Synonyms and keywords: Acute kidney failure; acute renal failure; acute uremia; AKI; ARF

Overview

Acute kidney injury (AKI), formerly known as acute renal failure, is characterized by an abrupt loss of kidney function resulting in a failure to excrete nitrogenous waste products (among others), and a disruption of fluid and electrolyte homeostasis. AKI defines a spectrum of disease with common clinical features including an increase in the serum creatinine and BUN levels, often associated with a reduction in urine volume. AKI can be caused by a multitude of factors broadly categorized into pre-renal (usually ischemic), intrinsic renal (usually toxic), and post-renal (usually obstructive) injuries. Generally, treatment is supportive until renal function is restored especially in light of the fluid overload, electrolyte imbalances, and uremic toxin accumulation. Still, renal replacement modalities are sometimes indicated.

Definition

Over 30 different definitions of AKI have been used in the literature since it was first described, which prompted the need for a uniform definition. In 2002, The Acute Dialysis Quality Initiative (ADQI) proposed the first consensus definition known as the RIFLE criteria.
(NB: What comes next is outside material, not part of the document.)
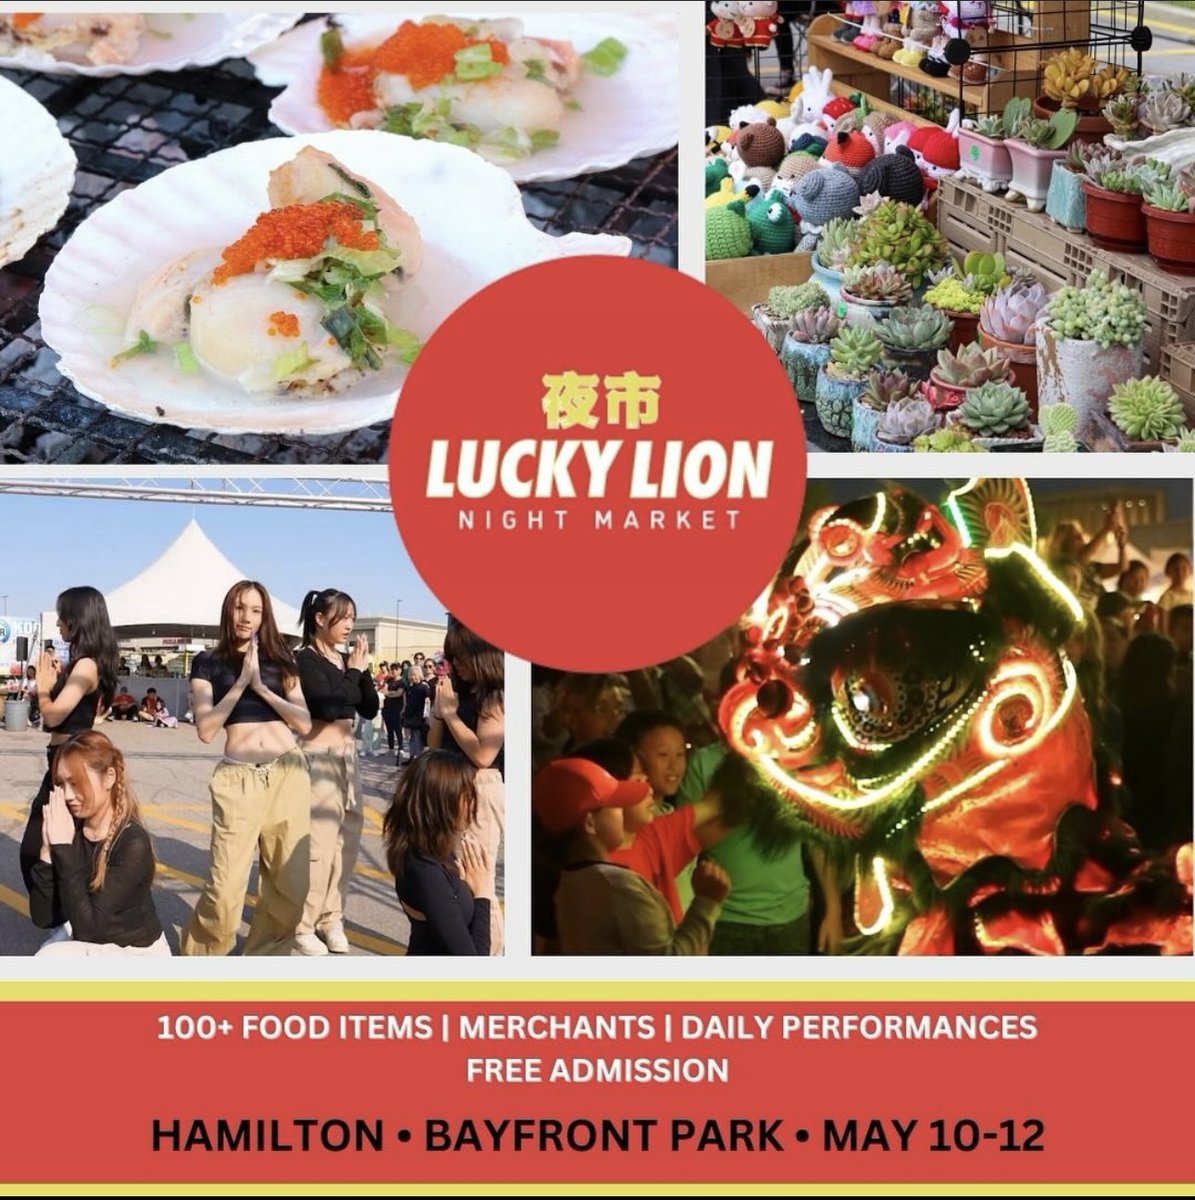 Friday's Street Food Locations: tinyurl.com/thu94x93 #FoodTruckEats #Toronto #Mississauga #Brampton #Vaughan #Milton #BurlON #HamOnt #Niagara #WRAwesome #LdnOnt #Collingwood #Durham #Ottawa 
#LuckyLionNightMarket #BayfrontParkHamilton

The acronym combines a classification of 3 levels of renal dysfunction (Risk, Injury, Failure) with 2 clinical outcomes (Loss, ESRD). This unified classification was proposed to enable a viable comparison in trials of prevention and therapy and to observe clinical outcomes of the defined stages of AKI.[1]

RIFLE criteria for the definition of acute kidney injury (AKI)
Classification GFR criteria Urine output criteria
Risk 1.5x increase in SCr or GFR decrease >25% <0.5 mL/kg/h for 6 hours
Injury 2x increase in SCr or GFR decrease >50% <0.5 mL/kg/h for 12 hours
Failure 3x increase in SCr or GFR decrease >75% <0.3 mL/kg/h for 24 hours or anuria for 12 hours
Loss Complete loss of renal function >4 weeks
End-stage Renal Disease Complete loss of renal function >3 months


In 2007, the Acute Kidney Injury Network (AKIN) proposed a modified diagnostic criteria based on the RIFLE criteria. The initiative separated the definition and staging into 2 separate entities previously combined in the RIFLE criteria. This made the definition more clinically applicable. AKI was defined as either one of the following:[2]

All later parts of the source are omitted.